Try it
Omitting the images, transcribe the records below exactly as they stand.

__________________________________________________

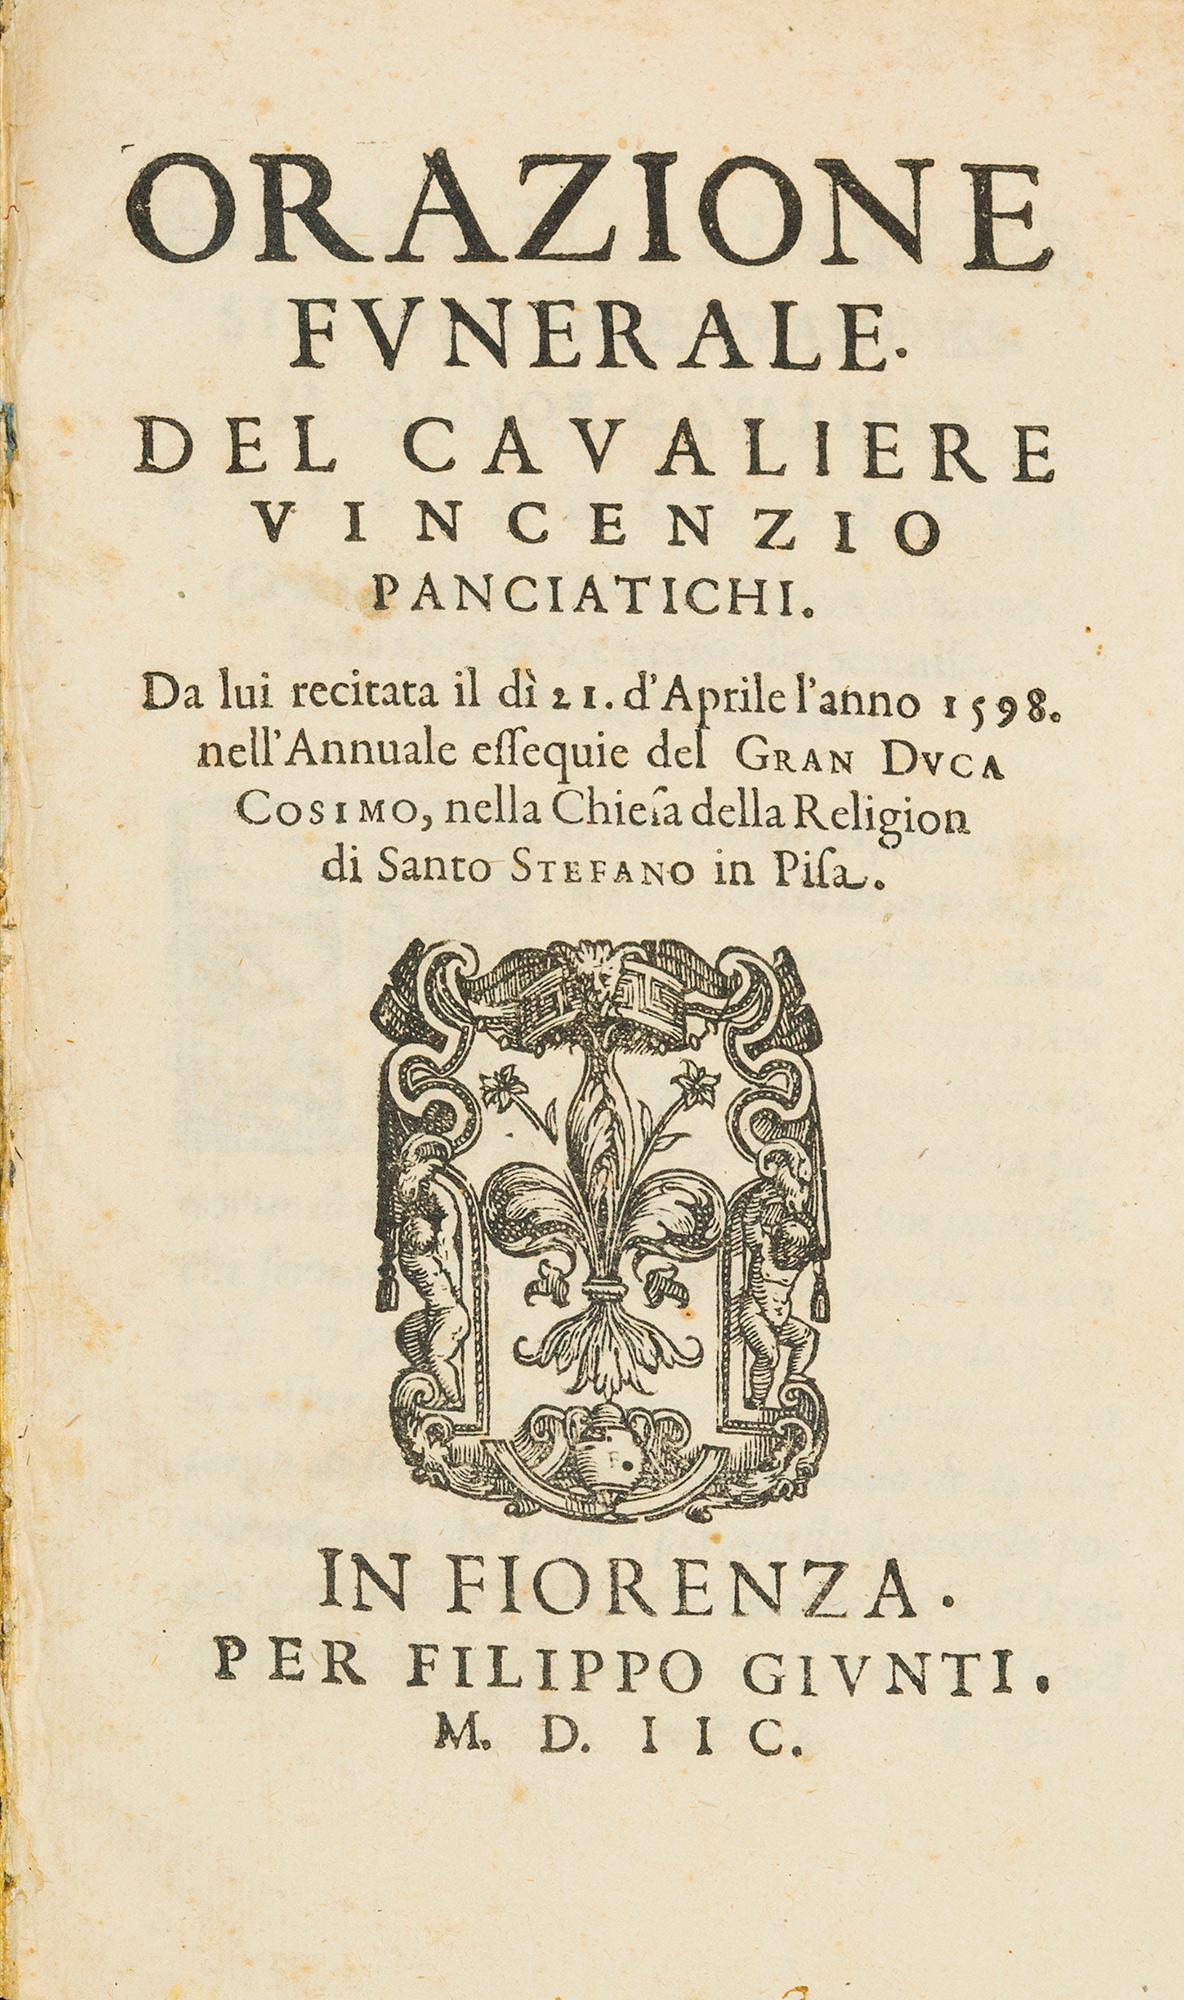 Orazione funerale. Del caualiere Vincenzio Panciatichi. Da lui recitata il dì 21. d'aprile l'anno 1598 nell'annuale essequie del gran duca Cosimo
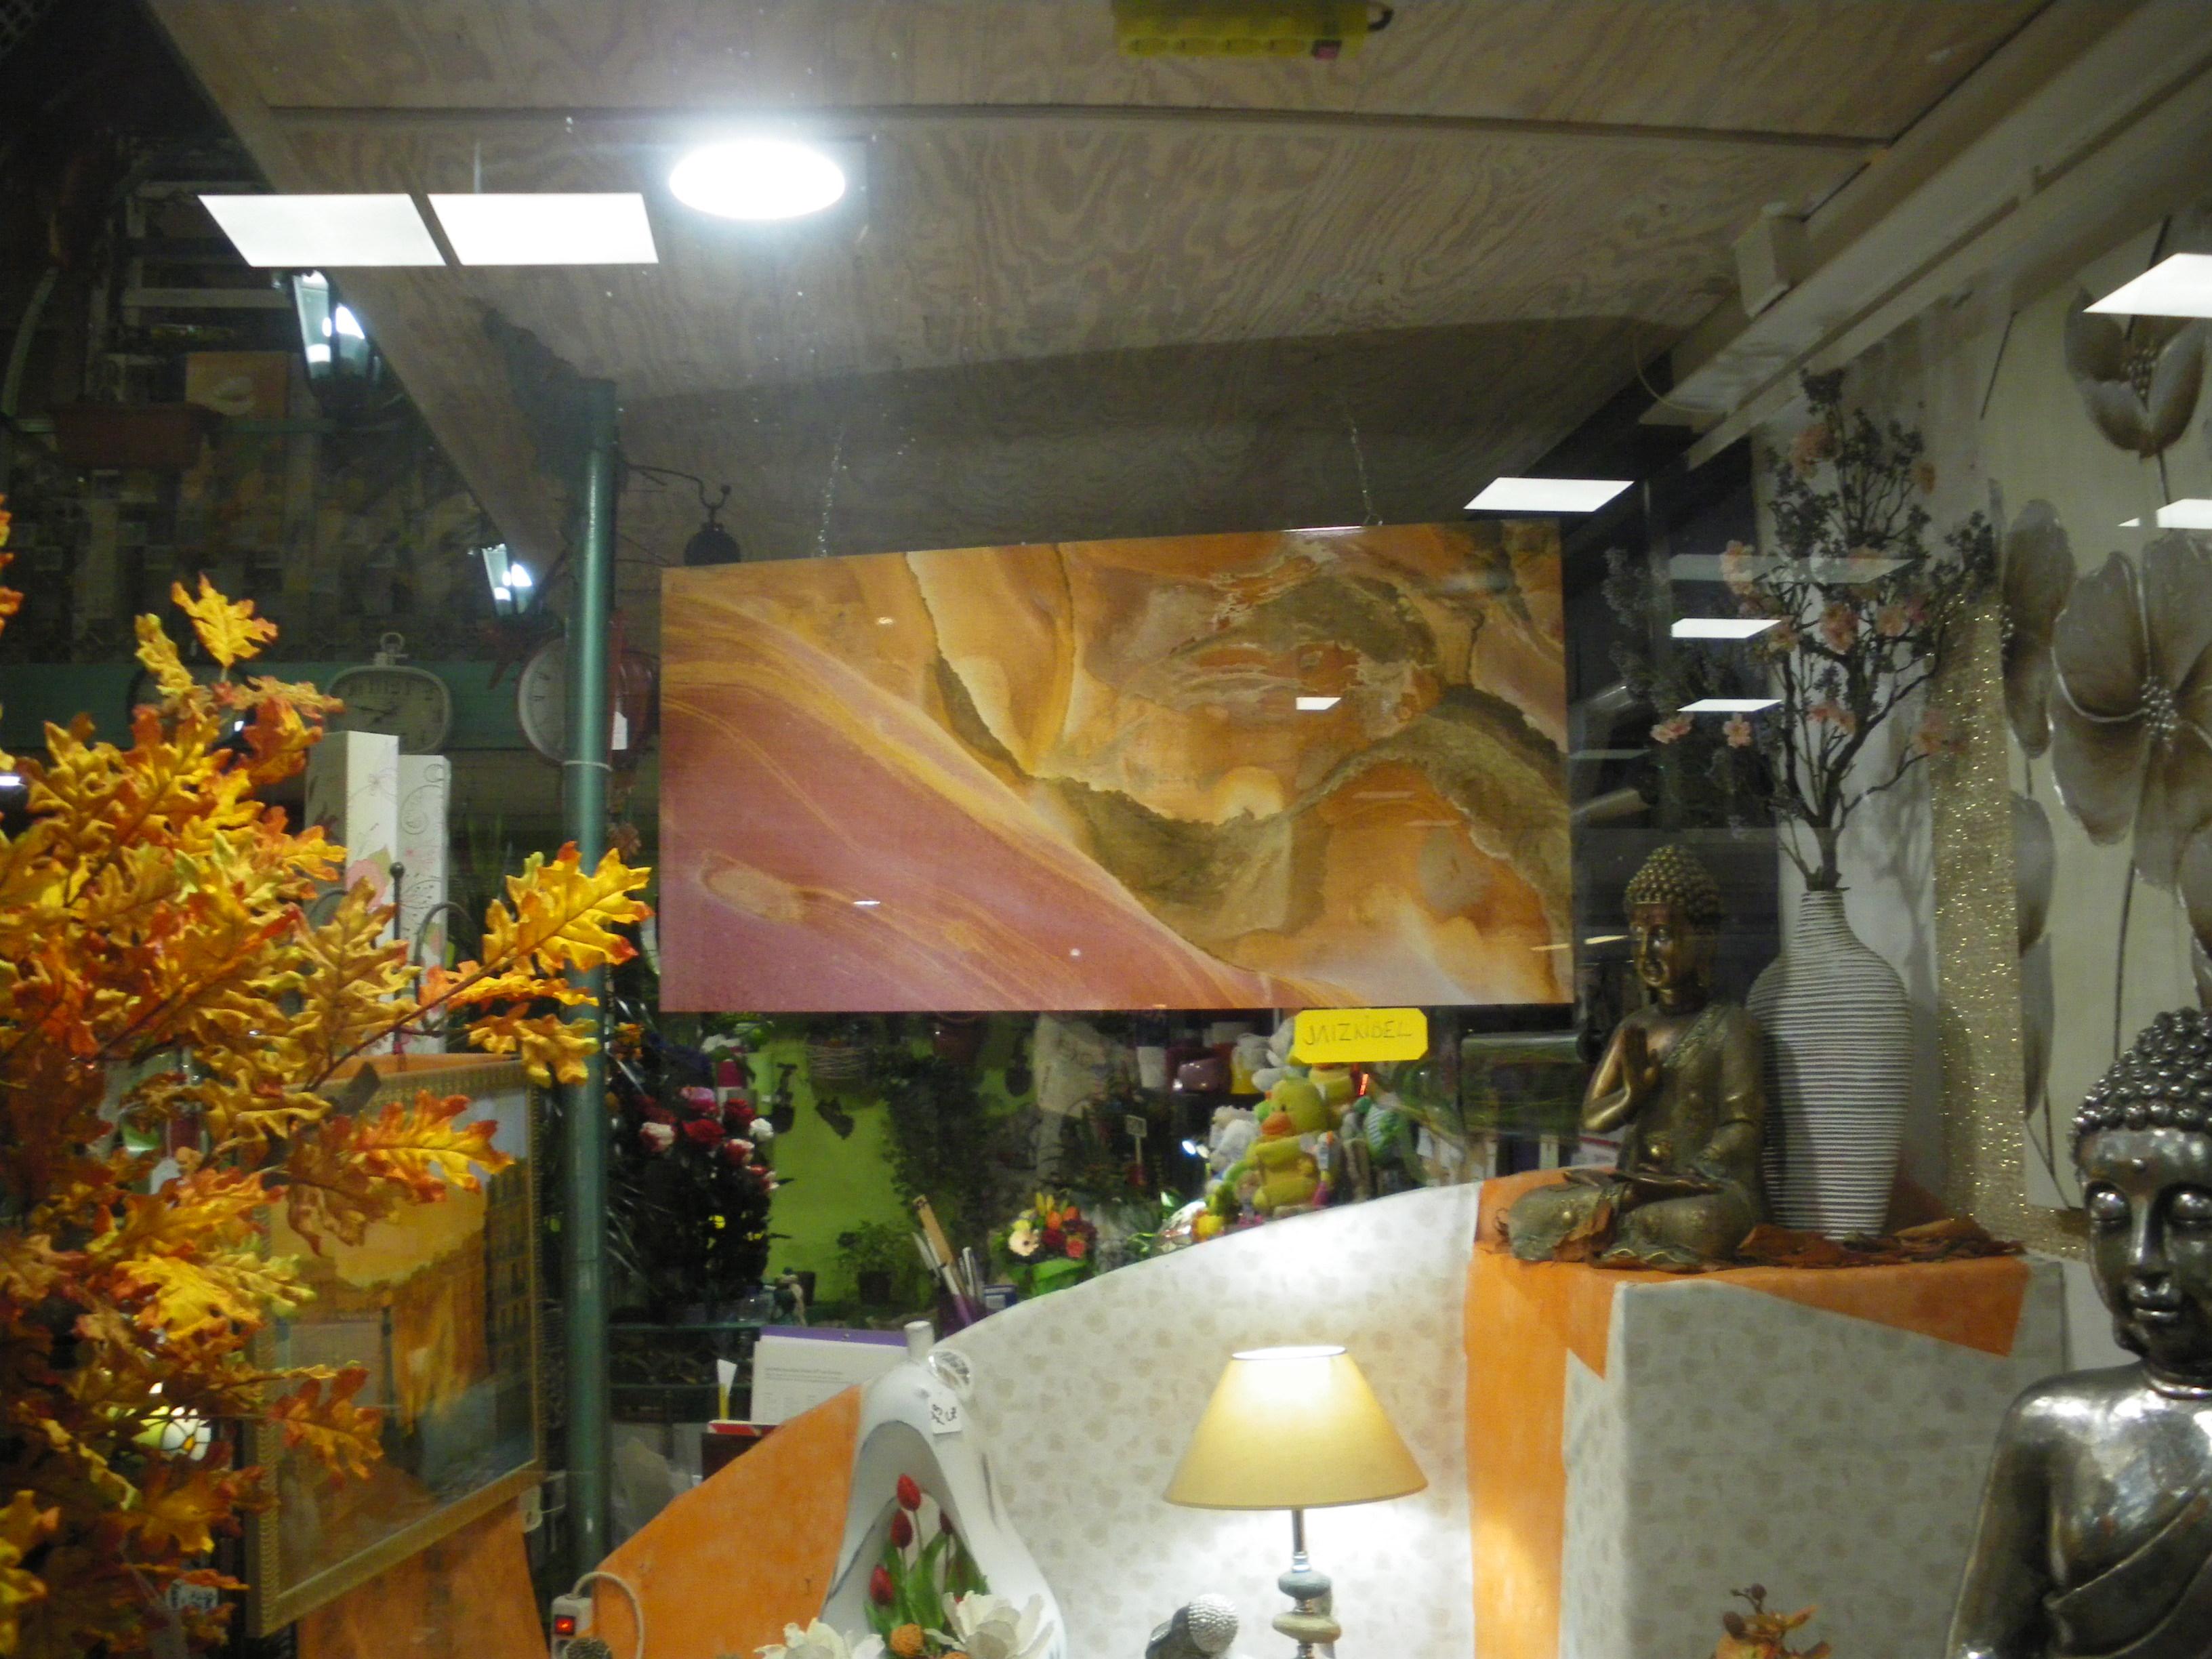 Cuadros de pintura y cuadros pintados por Imanol sobre imágenes fotográficas
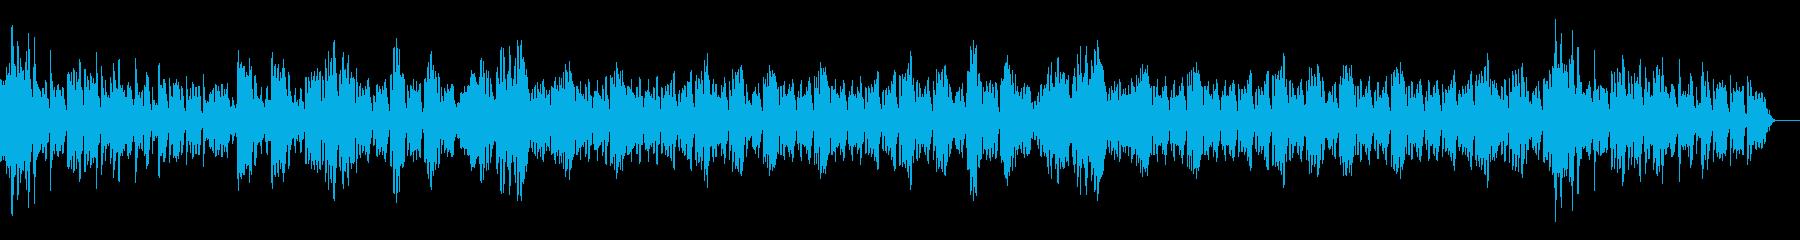 コロナの終息を願う曲/オルゴールの再生済みの波形
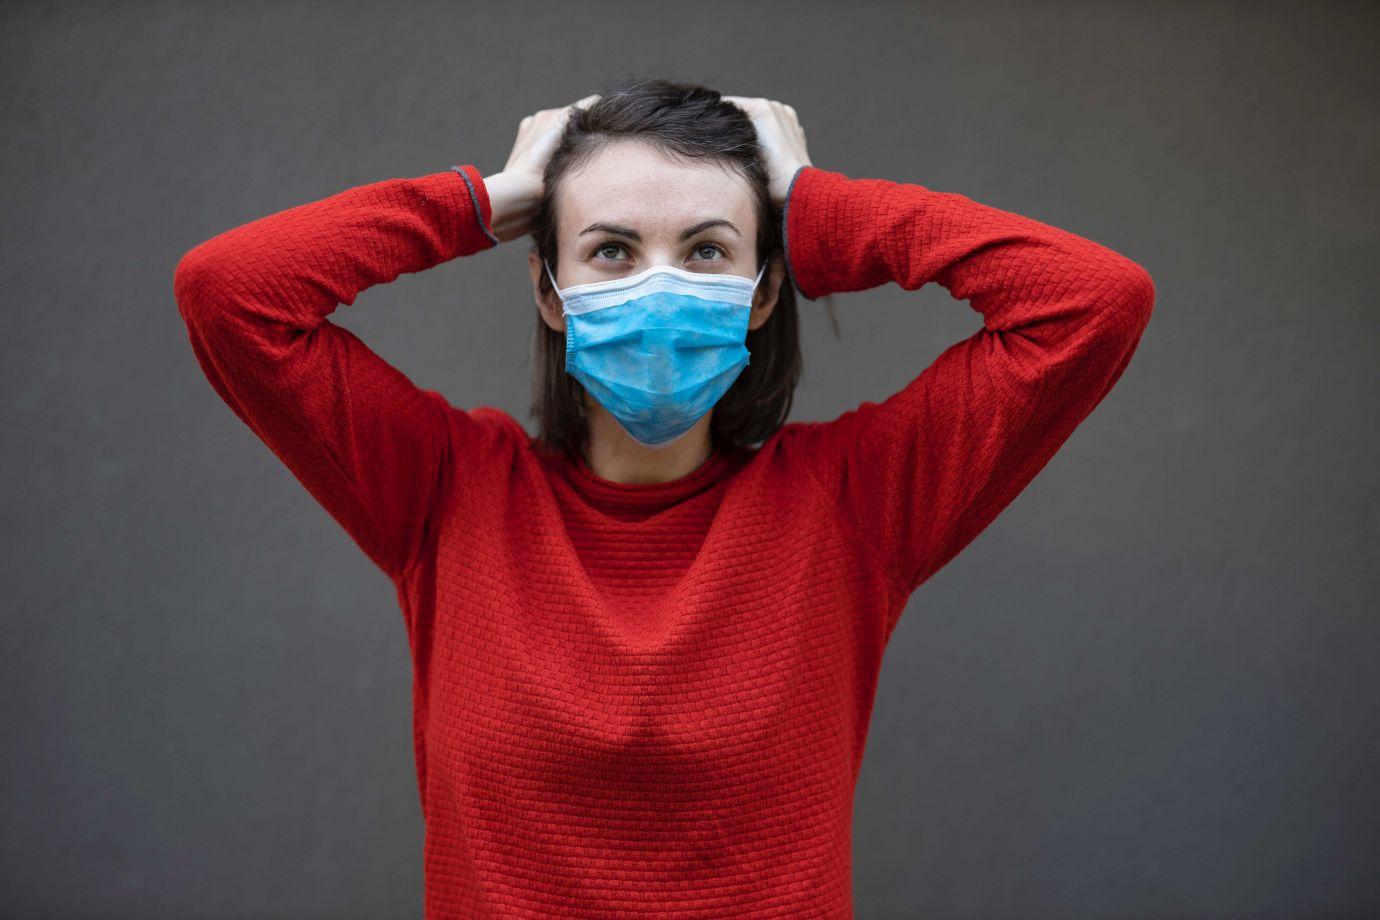 wie sind Schutzmasken richtig aufzusetzen
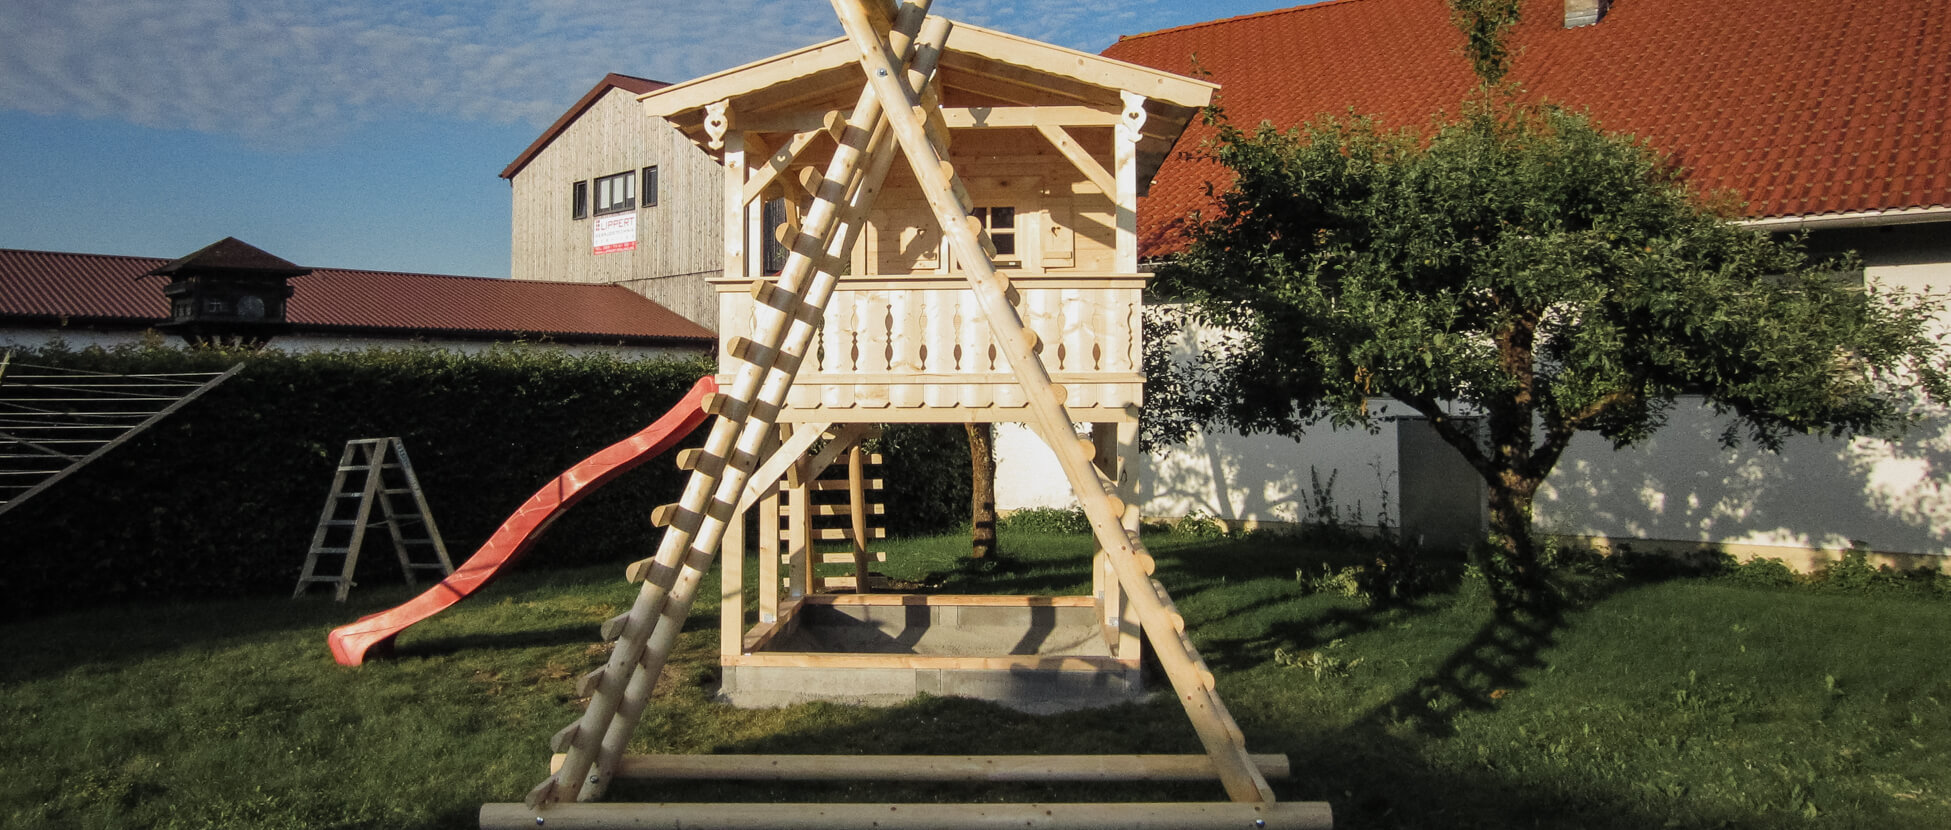 Kinderspielhaus Baumhaus Und Spielgerate Aus Holz Nach Mass Ropfl

__________________________________________________

Your solution
 Orazione funerale. Del caualiere Vincenzio Panciatichi. Da lui recitata il dì 21. d'aprile l'anno 1598 nell'annuale essequie del gran duca Cosimo
 Cuadros de pintura y cuadros pintados por Imanol sobre imágenes fotográficas
 コロナの終息を願う曲/オルゴールの再生済みの波形
 wie sind Schutzmasken richtig aufzusetzen
 Kinderspielhaus Baumhaus Und Spielgerate Aus Holz Nach Mass Ropfl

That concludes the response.